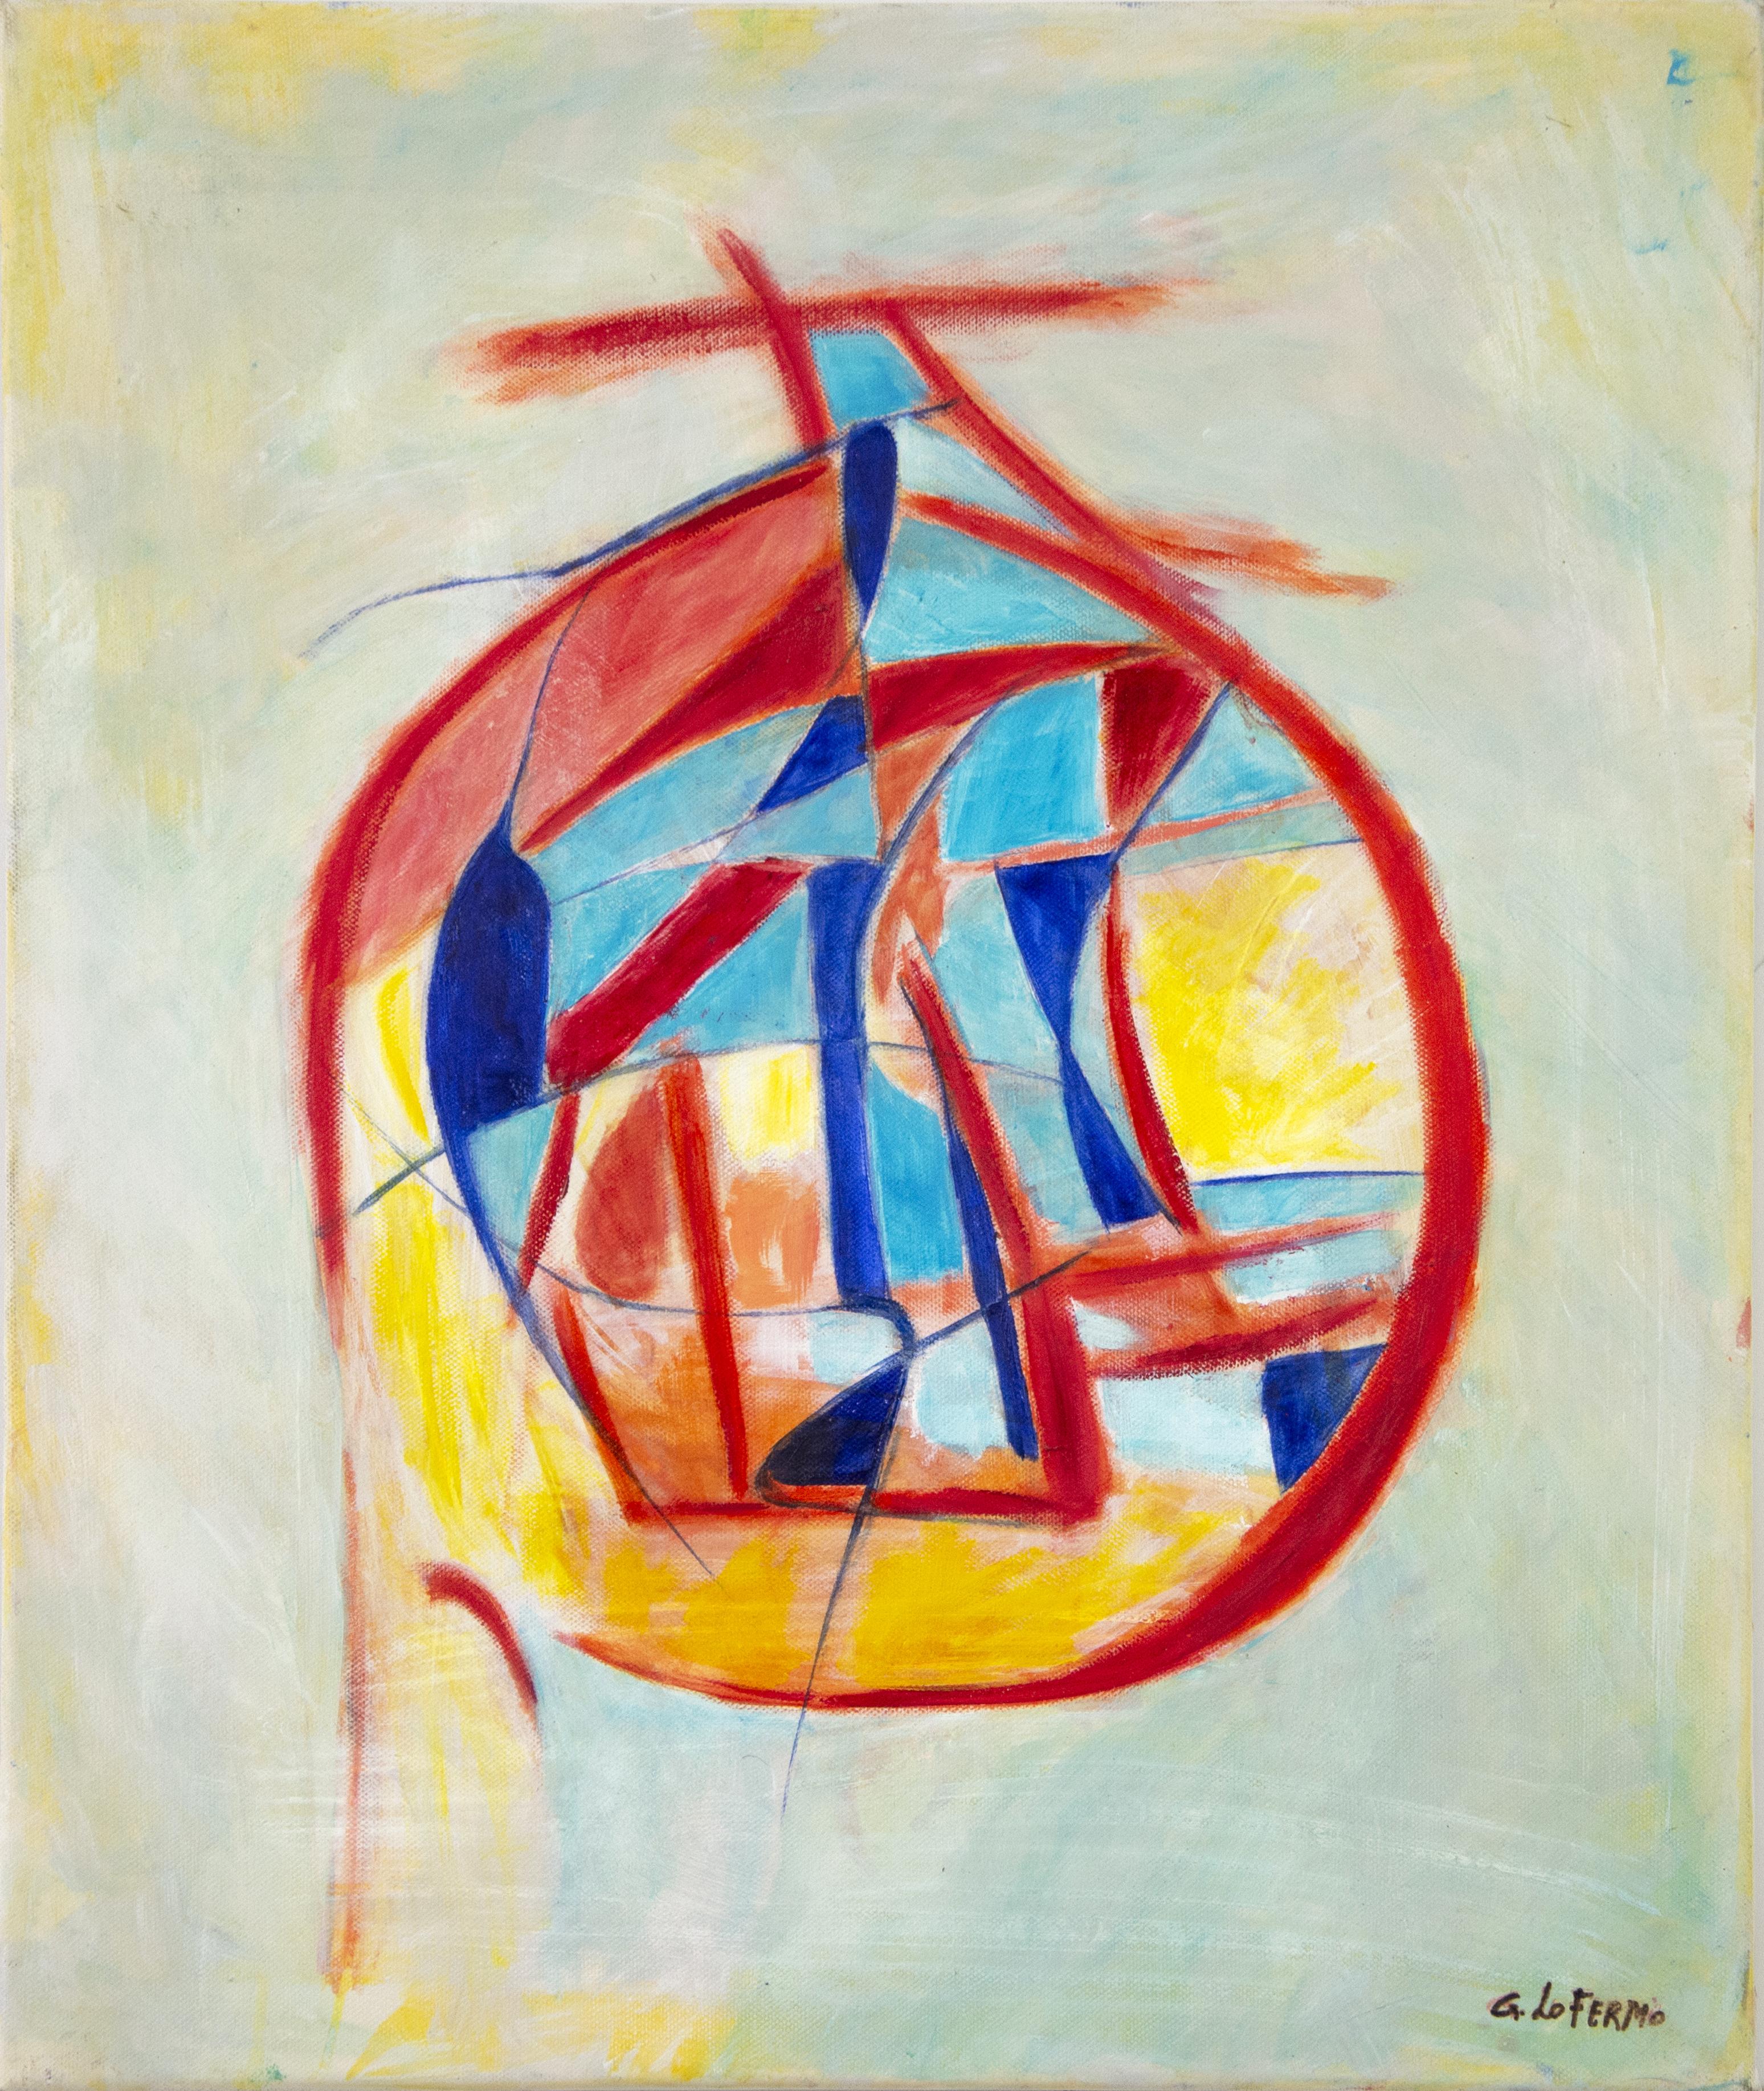 The Ball is an original oil on canvas realized by Giorgio Lo Fermo in 2020.

Hand-signed on the lower right margin.

Hand signed and dated by the artist on the back.

The artwork represents an abstract composition with different colored shapes

Good

* _DIRECTIONS FOR THIS TASK_: Go through the listing above. Show each line where the word "Hand" is found.

* _SOLVED PROBLEM_:
Hand-signed on the lower right margin.
Hand signed and dated by the artist on the back.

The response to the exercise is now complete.